Given a rectangular area arrange a group of rectangles such that they cover the rectangular area entirely.

Input

  • An integer denoting the height.

  • An integer denoting the width.

  • The dimensions of the rectangles consisting of the following form: axb,cxd,... where a,b,c, and d are integers - any reasonable format is acceptable.

Output

An exact cover of the rectangular area.

Rectangles used to cover the area are represented in the following way:

2x3

00
00
00

or

000
000

1x3

0
0
0

or

000

Each rectangle is represented using a character 0-9 where 0 is used for the first rectangle inputted 1 for the second and so on.

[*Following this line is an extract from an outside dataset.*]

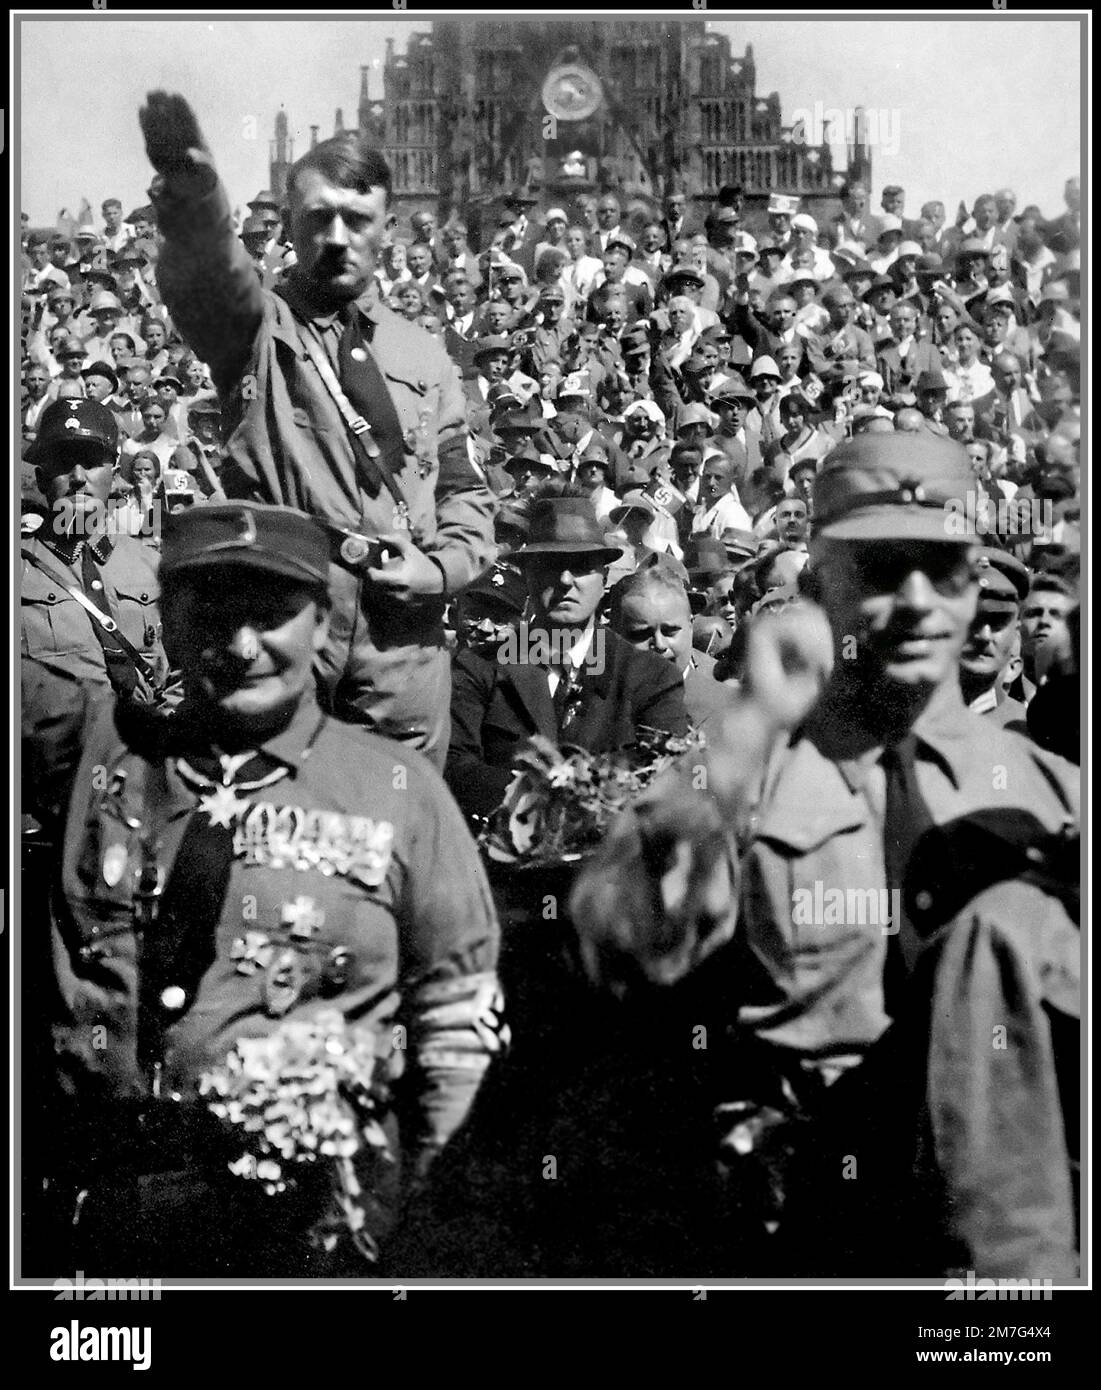 Adolf Hitler 1930s lors d'un rallye de Nuremberg en Allemagne nazie avec Hermann Goring en premier plan. Une poupe Adolf Hitler en uniforme de sa donnant un salut Heil Hitler Banque D'Images

The max number of rectangles given in input is therefore 10.

Test Cases

Input 1

5
7
4x2,3x2,3x2,5x2,5x1

Output 1

0000111
0000111
2233333
2233333
2244444

Input 2

4
4
3x2,2x1,2x2,2x2

Output 2

0001
0001
2233
2233

Input 3

2
10
4x2,3x2,3x2

Output 3

0000111222
0000111222

Clarifications

  • The dimensions of the rectangles used to cover the region are interchangeable e.g. for axb a could be the height or width same goes for b.
  • If there are multiple solutions any of them is acceptable (just display 1).
  • Assume all inputs are valid.
  • You can have a full program or a function (inputs may be treated broadly as 3 separate arguments).
  • Output to stdout (or something similar).
  • This is so shortest answer in bytes wins.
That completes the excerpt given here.